A simple alternative: meshgrid + dstack
The currently accepted answer uses tile and repeat to broadcast two arrays together. But the meshgrid function does practically the same thing. Here's the output of tile and repeat before being passed to transpose:
In [1]: import numpy
In [2]: x = numpy.array([1,2,3])
...: y = numpy.array([4,5])
...:
In [3]: [numpy.tile(x, len(y)), numpy.repeat(y, len(x))]
Out[3]: [array([1, 2, 3, 1, 2, 3]), array([4, 4, 4, 5, 5, 5])]
And here's the output of meshgrid:
In [4]: numpy.meshgrid(x, y)
Out[4]:
[array([[1, 2, 3],
[1, 2, 3]]), array([[4, 4, 4],
[5, 5, 5]])]
As you can see, it's almost identical. We need only reshape the result to get exactly the same result.
In [5]: xt, xr = numpy.meshgrid(x, y)
...: [xt.ravel(), xr.ravel()]
Out[5]: [array([1, 2, 3, 1, 2, 3]), array([4, 4, 4, 5, 5, 5])]
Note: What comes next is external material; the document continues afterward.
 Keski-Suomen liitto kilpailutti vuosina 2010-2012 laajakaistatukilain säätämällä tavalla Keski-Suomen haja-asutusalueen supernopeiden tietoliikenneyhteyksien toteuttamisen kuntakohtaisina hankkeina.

Rather than reshaping at this point, though, we could pass the output of meshgrid to dstack and reshape afterwards, which saves some work:
In [6]: numpy.dstack(numpy.meshgrid(x, y)).reshape(-1, 2)
Out[6]:
array([[1, 4],
[2, 4],
[3, 4],
[1, 5],
[2, 5],
[3, 5]])
Contrary to the claim in this comment, I've seen no evidence that different inputs will produce differently shaped outputs, and as the above demonstrates, they do very similar things, so it would be quite strange if they did. Please let me know if you find a counterexample.
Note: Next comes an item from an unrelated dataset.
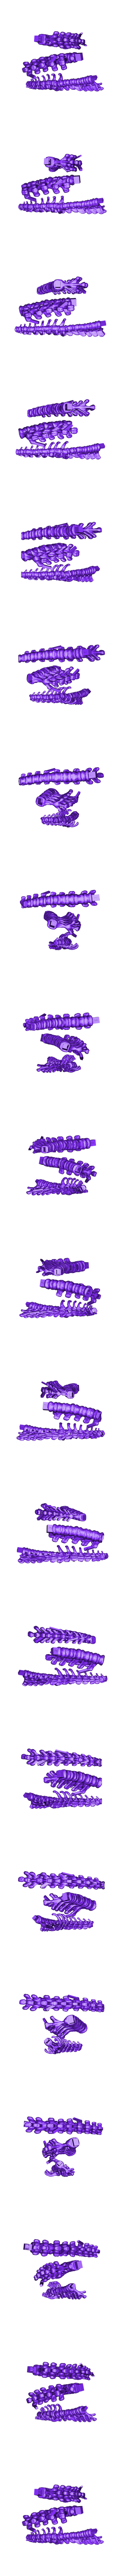 Stego_Spine_1.stl Télécharger fichier STL gratuit Stegosaurus Skeleton • Design à imprimer en 3D, JackieMake

Testing meshgrid + dstack vs. repeat + transpose
The relative performance of these two approaches has changed over time. In an earlier version of Python (2.7), the result using meshgrid + dstack was noticeably faster for small inputs. (Note that these tests are from an old version of this answer.) Definitions:
>>> def repeat_product(x, y):
... return numpy.transpose([numpy.tile(x, len(y)),
numpy.repeat(y, len(x))])
...
>>> def dstack_product(x, y):
... return numpy.dstack(numpy.meshgrid(x, y)).reshape(-1, 2)
...
For moderately-sized input, I saw a significant speedup. But I retried these tests with more recent versions of Python (3.6.1) and numpy (1.12.1), on a newer machine. The two approaches are almost identical now.
Old Test
>>> x, y = numpy.arange(500), numpy.arange(500)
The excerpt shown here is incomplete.